# CZ 40P opinions



## Scout800B

How well does this gun compare to the CZ 75 SP01? I went into Gander Mtn today and asked if they had the CZ 75 because some prior research lead me to this unit. They did not have it, but had the CZ 40p for $350; which included an acc. slide and night sights! I held the gun and it felt awesome! I also checked out the XD9 that I was also interested in. The CZ felt better and was cheaper. I put my down payment on it and was out the door. I can't wait! Lookin like I'll have it in a few weeks! :numbchuck: 

The unit I am buying says that the Barrel is 4.25". How much of a difference, if any, will I notice if I were to get the 5" barrel available with the 75 SP01? I plan on shooting at the range and home protection, if at all necessary/

Thanks in advance for any responses!
:smt023


----------



## rachilders

I've had one for about 18 months and think it is an outstanding gun. 

About 2 years ago, CZ decided to take the CZ 40B slide, mate it to a PO1 frame and came up with the 40P. For all practical purposes, it's the PO1 in 40 S&W. It was intended as a limited production gun (1,500 or so) but I guess they proved so popular, CZ still makes them. I paid $280 NIB for mine, but they seem to have gone up in price along with their popularity.

I think you'll be happy with it. Try going to CZFORUM.COM (one of the more popular CZ forums) and see what the owners of 40P's say about it. :smt023


----------



## martial_field

The 75 SP 01 comes with a 4.7 inch barrel unless CZ has changed the specs on the gun in the last year.


----------



## Azkid53

*I love my CZ 40P*

:smt023 :smt023 :smt023

i have had my CZ 40P for over a year now and I love this gun It shoots great and feels like a perfect fit in my hand I Paid $269 NIB and the value sure has gone up.

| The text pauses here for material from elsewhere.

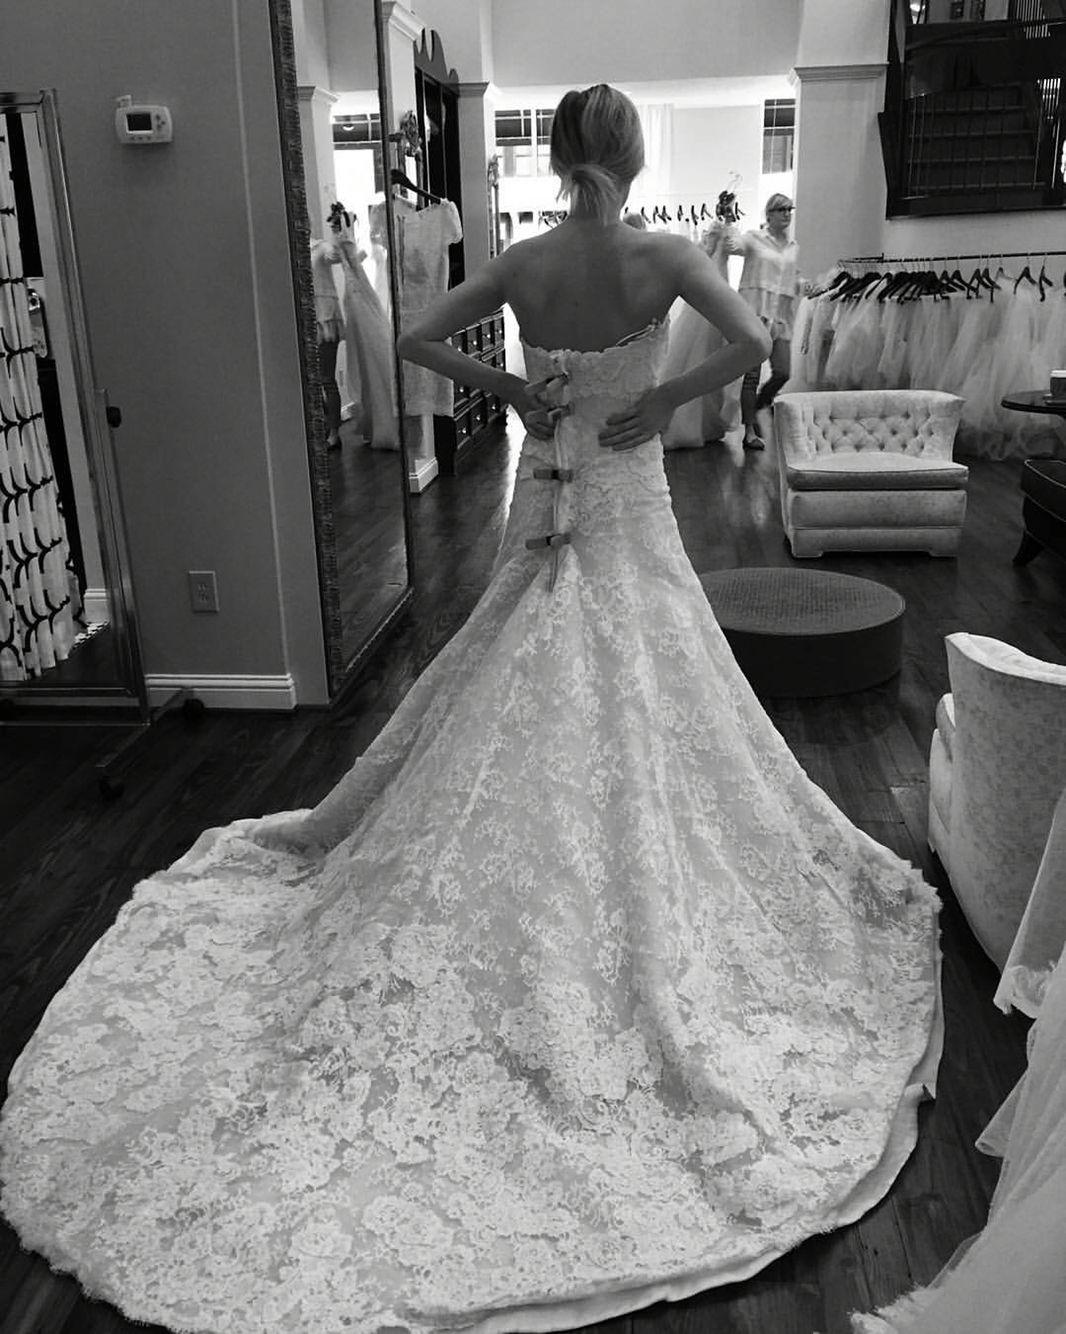 Nastia Liukin Wedding.Nastia Liukin Trying On Wedding Dresses Soexcited

1 Suggestion learn to shoot it with a tight hold or you will be limp wristing the gun causing occasional shell ejection jams (Stove pipes) also the slide will be a bit stiff until you put about 500 rounds through it but will work better after "Break in".

You made a good choice and you will enjoy this gun.My Photo link Below.

:smt071

http://i137.photobucket.com/albums/q225/azkid53/cz40p_Jacks.jpg


----------